** Opening Materials provided block **
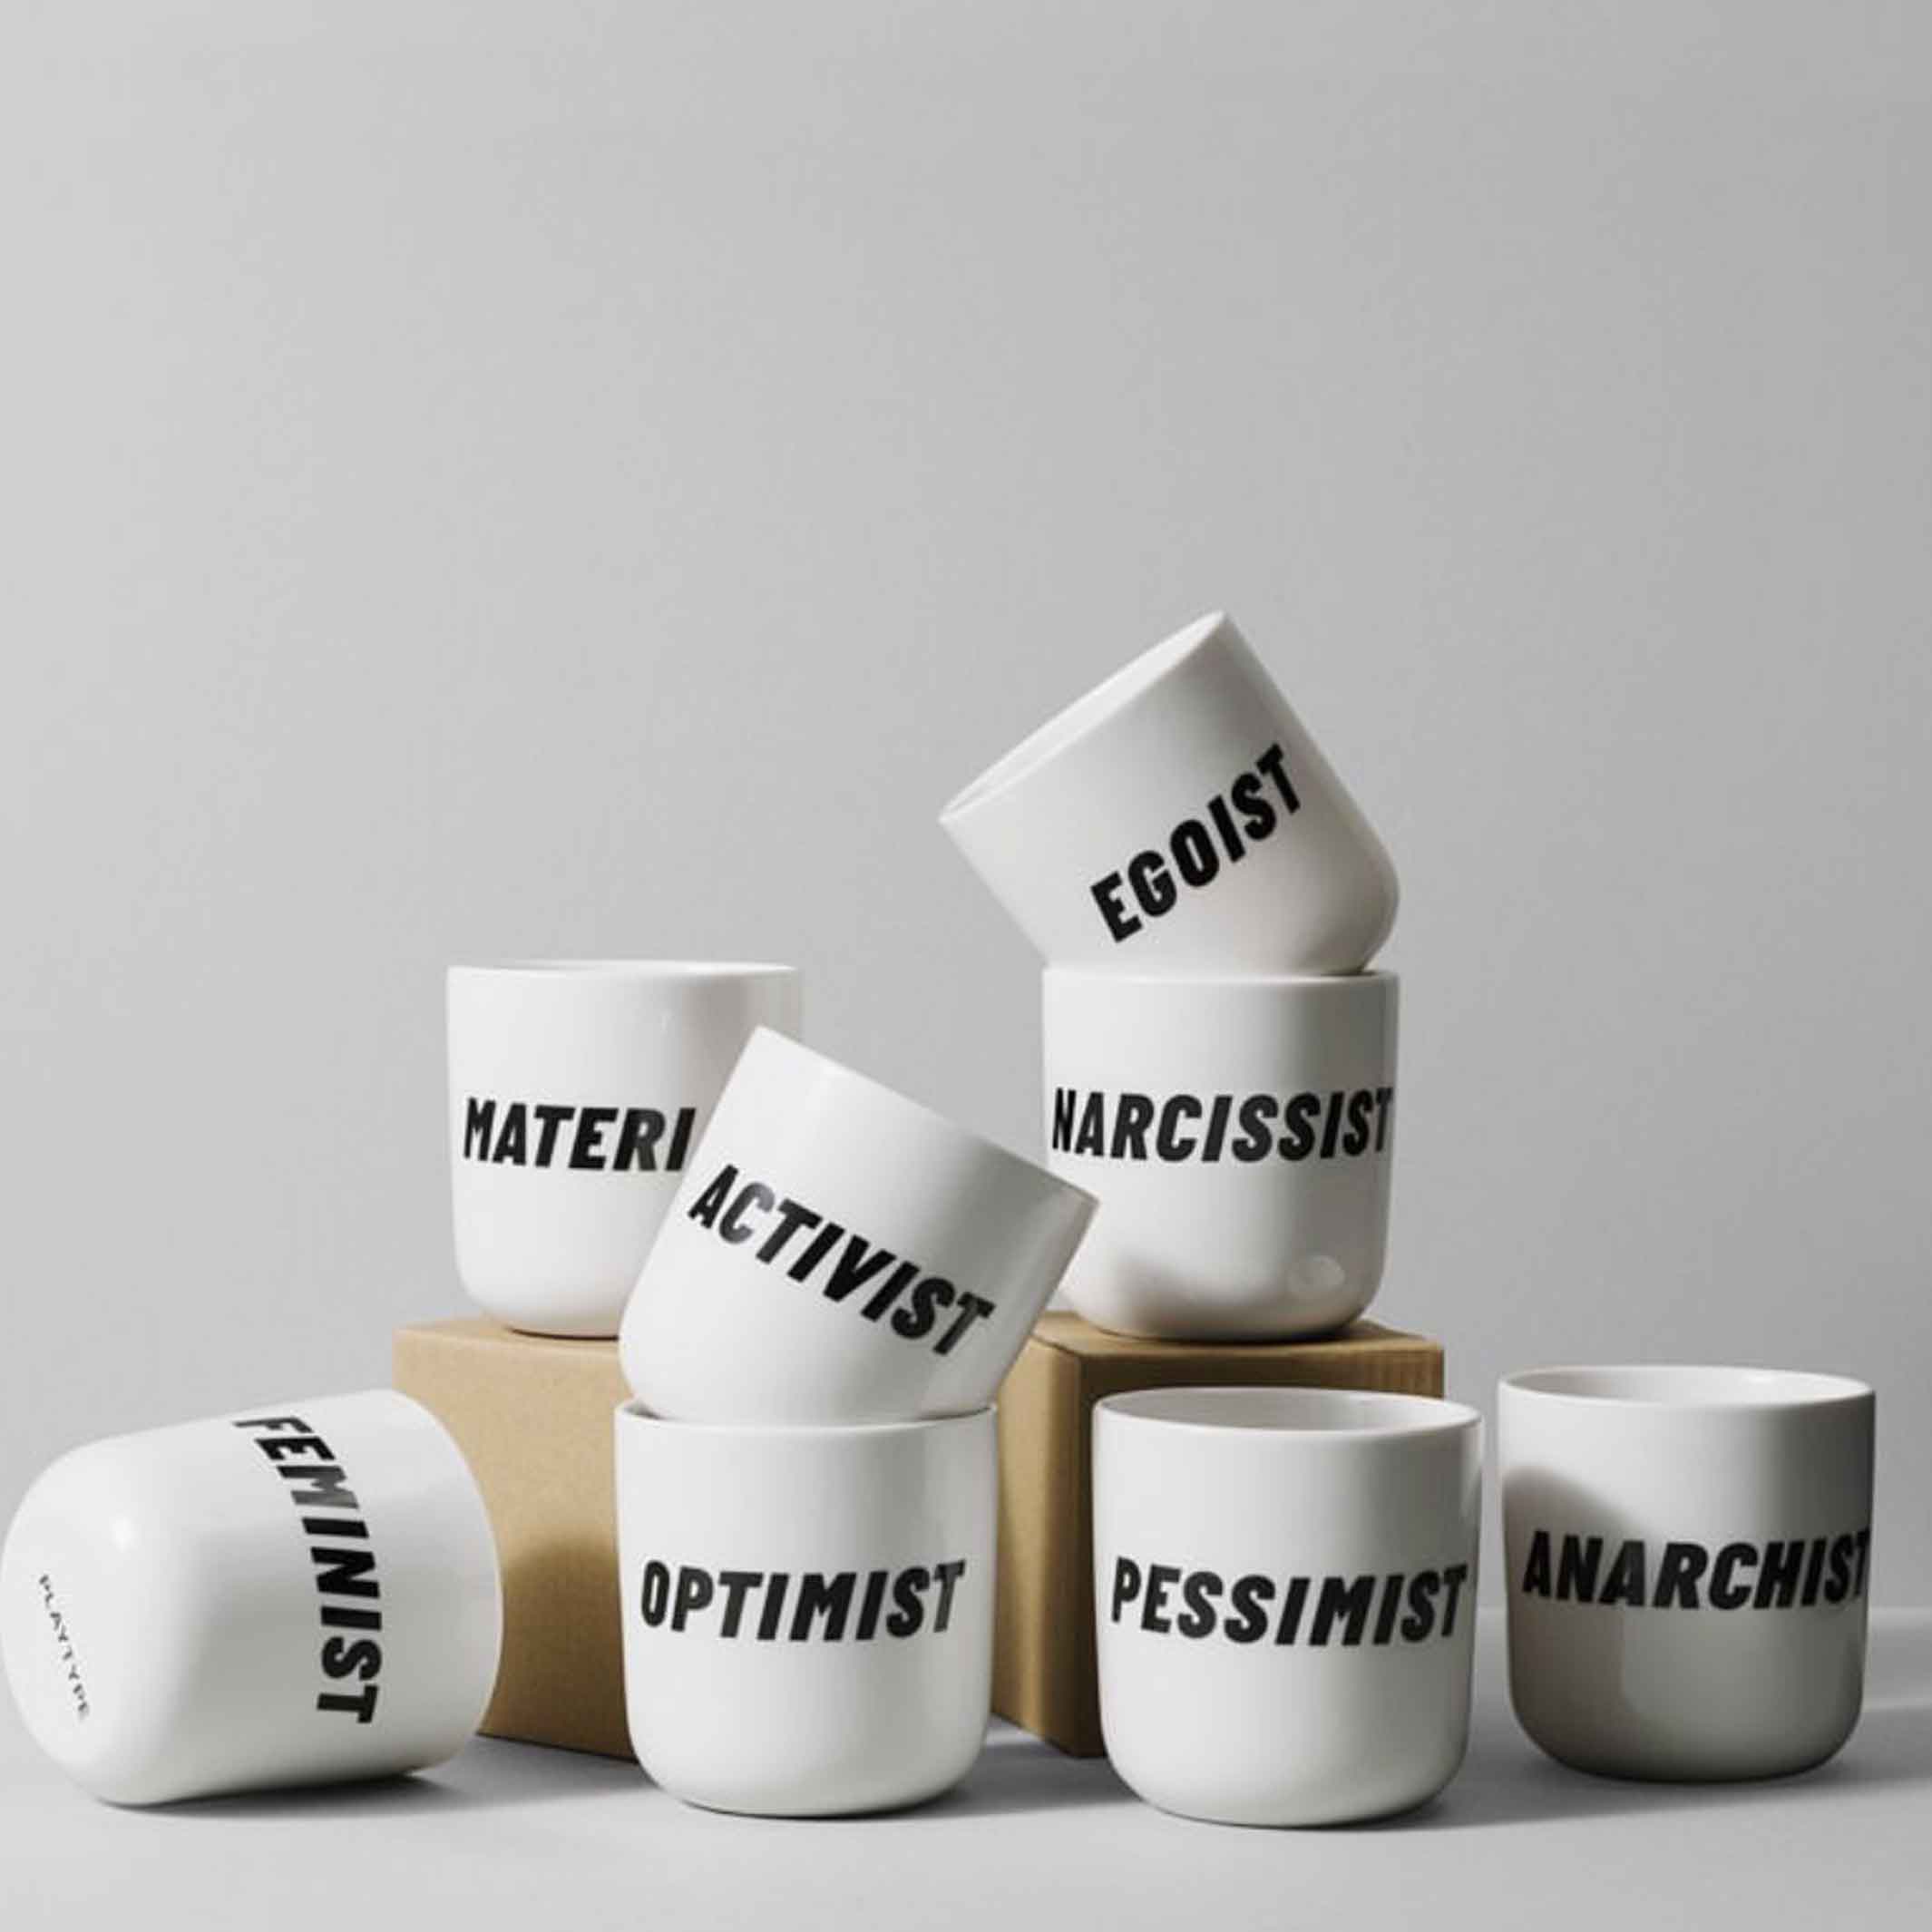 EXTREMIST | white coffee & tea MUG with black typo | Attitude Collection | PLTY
** Closing Materials provided block **
** Opening Materials provided block **
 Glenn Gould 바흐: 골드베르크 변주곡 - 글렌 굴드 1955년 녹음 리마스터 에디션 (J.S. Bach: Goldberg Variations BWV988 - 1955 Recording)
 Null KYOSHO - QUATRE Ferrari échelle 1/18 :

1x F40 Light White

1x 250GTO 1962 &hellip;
** Closing Materials provided block **
** Opening Materials provided block **
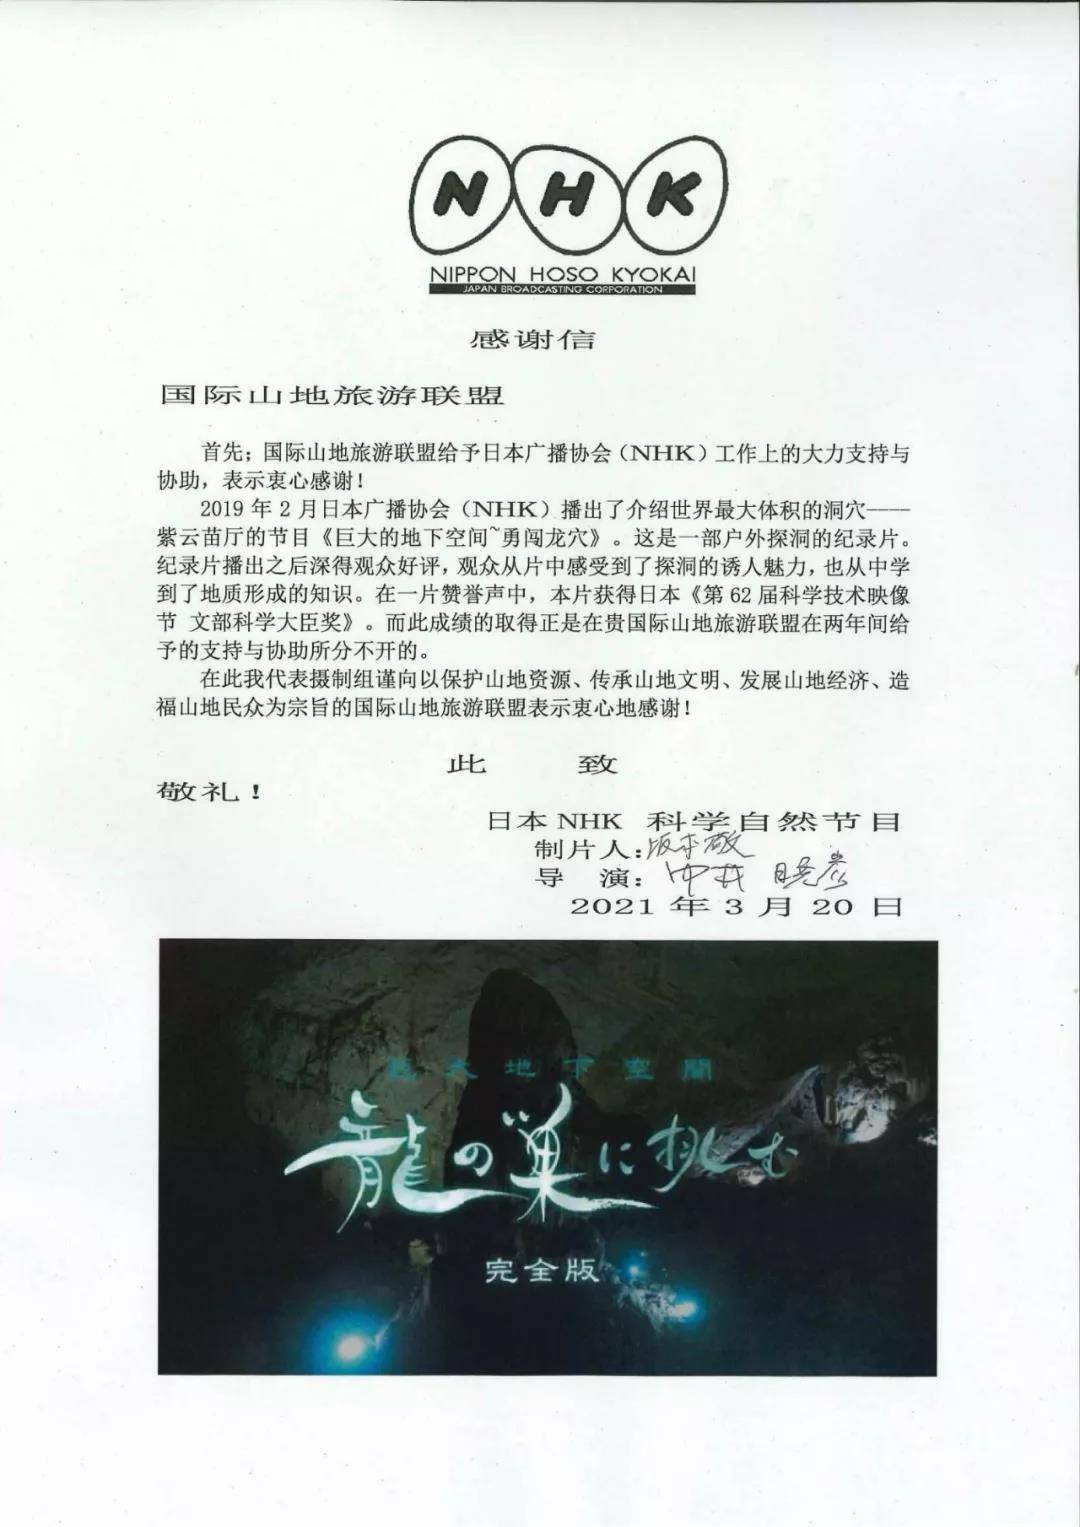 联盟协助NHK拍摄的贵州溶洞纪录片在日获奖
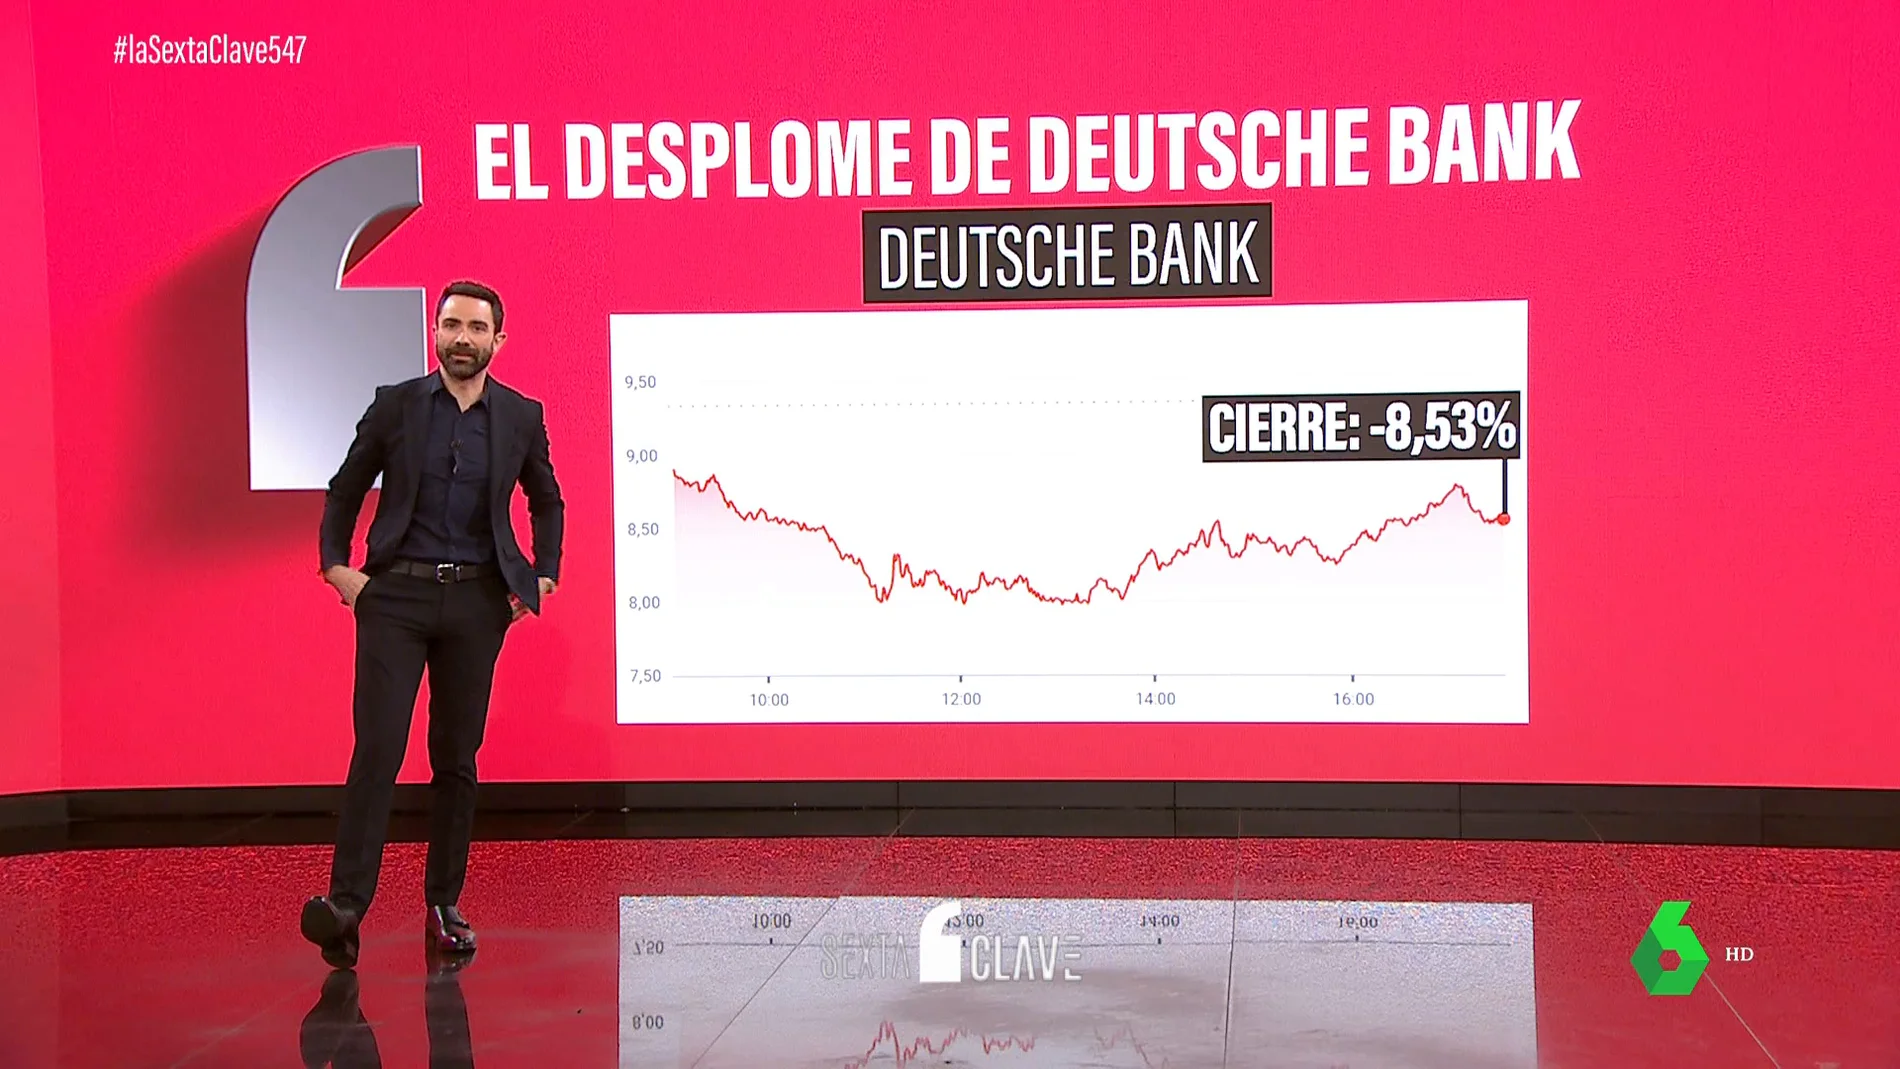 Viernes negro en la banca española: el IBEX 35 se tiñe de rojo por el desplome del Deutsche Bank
** Closing Materials provided block **
Required work - Would you print exactly the lines in the listing above, from the line bearing "联盟协助NHK拍摄的贵州溶洞纪录片在日获奖" through the line bearing "Viernes negro en", leaving out all pictures?

Written solution -
 联盟协助NHK拍摄的贵州溶洞纪录片在日获奖
 Viernes negro en la banca española: el IBEX 35 se tiñe de rojo por el desplome del Deutsche Bank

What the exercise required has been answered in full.